Importance ranking (Gini importance) is computed as the normalized total reduction of the criterion brought by that feature. This feature importance ranking represents the contribution of each feature to improving the predictive ability of the model through building the model’s boosted decision tree. Though it reflects the importance of features in the final model, it is impossible to evaluate the relationship between the feature and the model predictions. Feature importance has been previously used successfully in the medical research context when using Gradient Boosting-based machine learning predictors. Previously reported applications include intensive care unit patient outcome prediction, where feature importance enabled the presentation of the top ranked features to clinicians to compare relevance of different models in and further characterize the performance of the prediction models43, as well as acute coronary syndrome risk prediction, to perform feature selection for machine learning model training through an iterative process to select the optimal set of features44.

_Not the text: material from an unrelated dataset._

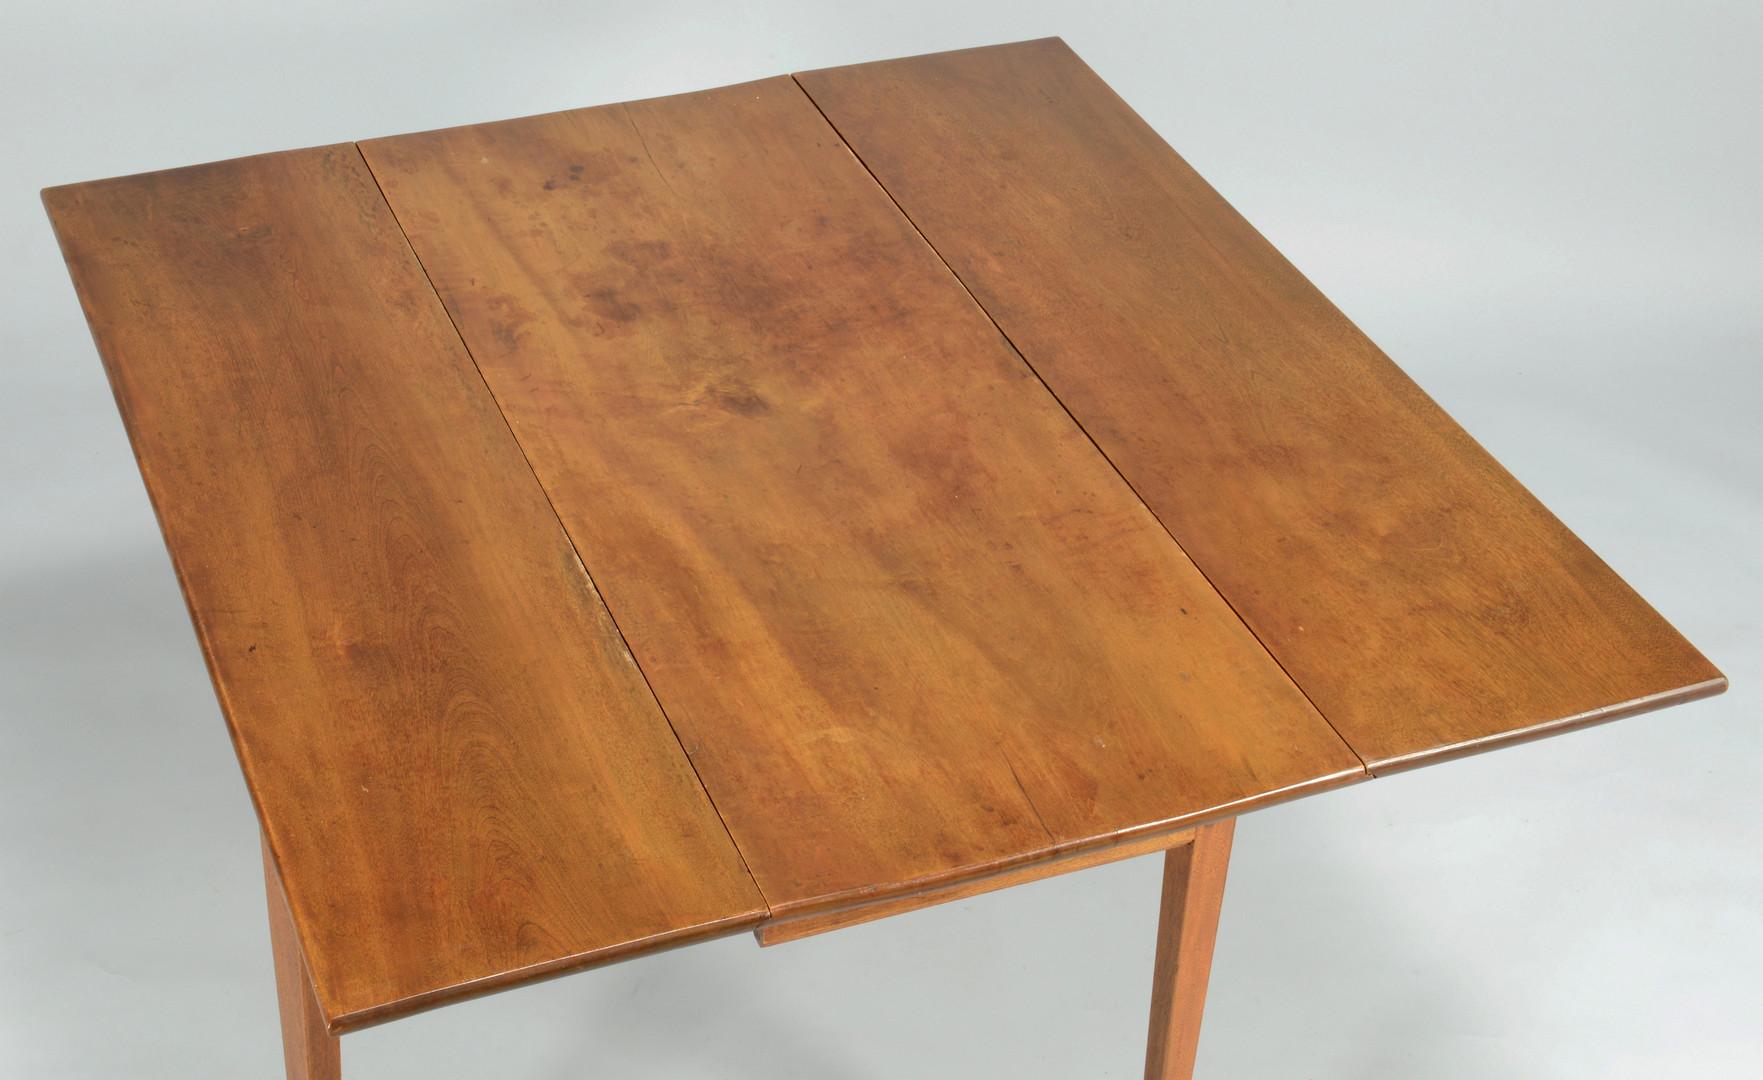 Lot 383: Hepplewhite Dropleaf Table

In this study, features corresponding to the 645 distinct metabolites (identified by CE–TOF–MS and RRLC–TOF–MS in saliva) were evaluated for all samples. Out of these features, the top 50 ranking features in importance for each prediction task (top 7.7% of all available features) were considered for identifying compounds of interest.

Ethics declarations

This study was approved by the Ethical and Independent Review Services (E&I; Lees Summit, MO), the methods were carried out in accordance with the relevant guidelines and regulations of human subjects research. Informed consent was obtained from parents/guardians of all participating children, and assent was obtained from typically-developing children.